她心裡想著,如果她死了,世上有誰會為她哭泣,有誰會為她難過,又想,就算哭泣難過,也都是一時,人不過是會淡忘的動物,一旦不在了,隨著時間流逝,誰還會記起她這個不重要的人。
沒有,都沒有,甚至是一個讓她想留在這個世界上的人都沒有。
也沒有人愛她。
白若希探頭往下望,她想一跳,一併把她心裡的沉重,沉入水底。
這些沉重她早習以為常,可她還是感到痛心難過。
為什麼,他們就不能一次的站在她這邊,替她著想,或是說一句,妳辛苦了,反倒和吳女士一起冤枉她。
他們是她的家人,同時也是沒有盡頭的無底洞,無止盡的索求,就像吸人血的水蛭。
沒有愛,一點點也沒有,真悲哀,悲哀的她不知該如何是好。
萬惡的金錢壓力,沒有壓垮她,家人卻成了那最後一根稻草。
白若希爬了上去,坐在欄杆上,垂著頭,呆呆的望向水裡。
當風吹過,水面上出現一波波的水紋,未平,又起,是她的人生。
她伸出手,感受著風,流過指間。
若有來世,她不想當塵埃,想當風,無拘無束,自由自在。
夜裡,哀痛的哭喊,只有風回應她。
忽地,她想起了韓子墨。
她想知道,當他知道她死了,他會不會為她留下眼淚,或是感到遺憾,亦或是來看看她,為她獻上一朵花。
韓子墨從沒給她送花,第一次送竟是在她的照片前,白若希想了想那畫面,不禁笑了出來。
淺淺的黃燈下,她彷彿在倒影中看見了自己的臉,哭的妝花,頭髮被吹的凌亂,笑的像個瘋婆子。
白若希大笑,想死的念頭逐漸冷卻。
還會心痛,也代表著她還沒死。
唯有痛,才是真真切切的活著,儘管痛的生不如死,但如若又一天心不痛了,那她才是真的死了。
她抬起頭,望著遠方,回想起往事,發覺她已經走了那麼遠,經歷了那麼多事,哪有什麼她禁不起,過不去的。
往往只有回頭一看,才發現那些事根本不是事,今日和他們說的那些話也算是她踏出了一步,她告訴自己可以的,也告誡自己切勿再心軟。
白若希拿出了手機,心想,想死多傻啊,她還沒享受到,怎麼可以死了,而且,她才不想人生中的第一束花是在一張黑白的照片前。
手機依舊靜音,上面也依舊是楊皓的未接電話,反正也是催著她回家,她才不管。
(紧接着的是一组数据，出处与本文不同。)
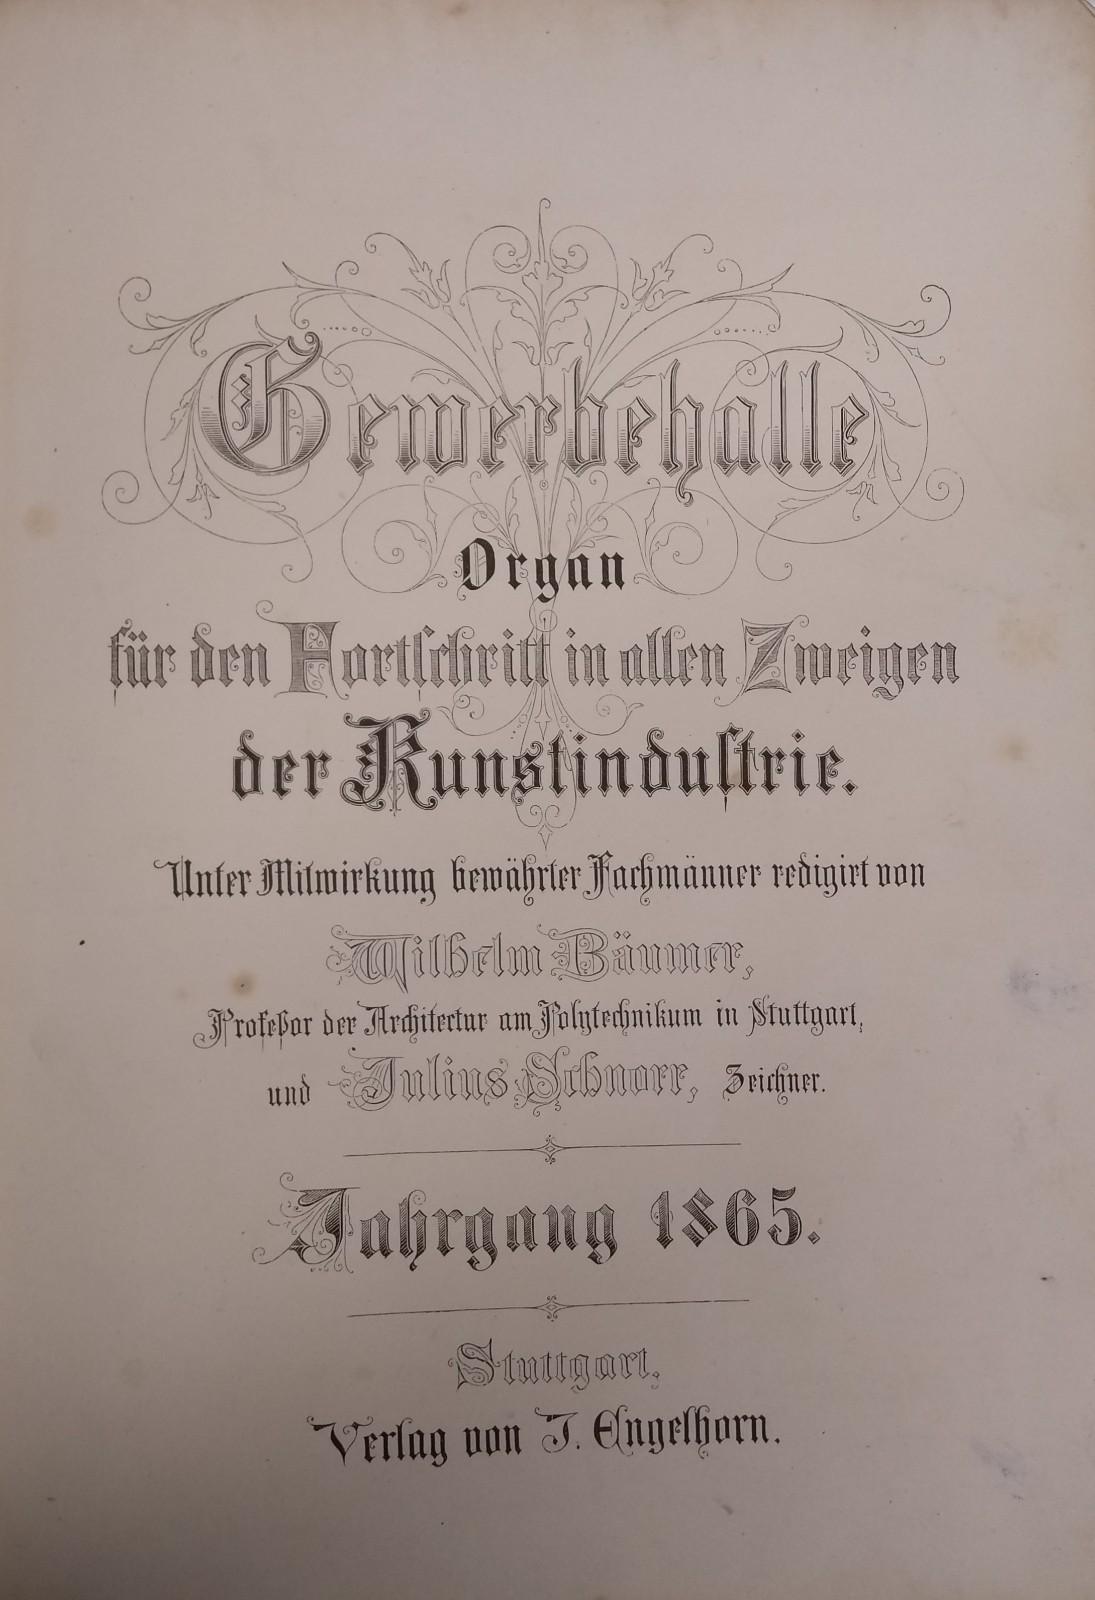 Wilhelm Bäumer, Julius Schnorr Gewerbehalle: Organ für den Furtschritt in allen Zeigen der Kunstindustrie, jahrgang 1865

讓她意外的是韓子墨的簡訊。
他問她還好嗎?
還好嗎?白若希納悶,他是在問什麼,他又不知道她有事,怎麼突然這麼問。
不過,她現在的確不太好,身上的衣服單薄,緊了緊大衣,冷風卻不停的從雙腿的縫裡灌進來。她差點都忘了,那雙破絲襪被她丟在了儲藏室裡,現在她的下體是空的。
她夾緊了腿,不顧時間,甚至忘了下午才對他說過的冷話,電話撥了出去。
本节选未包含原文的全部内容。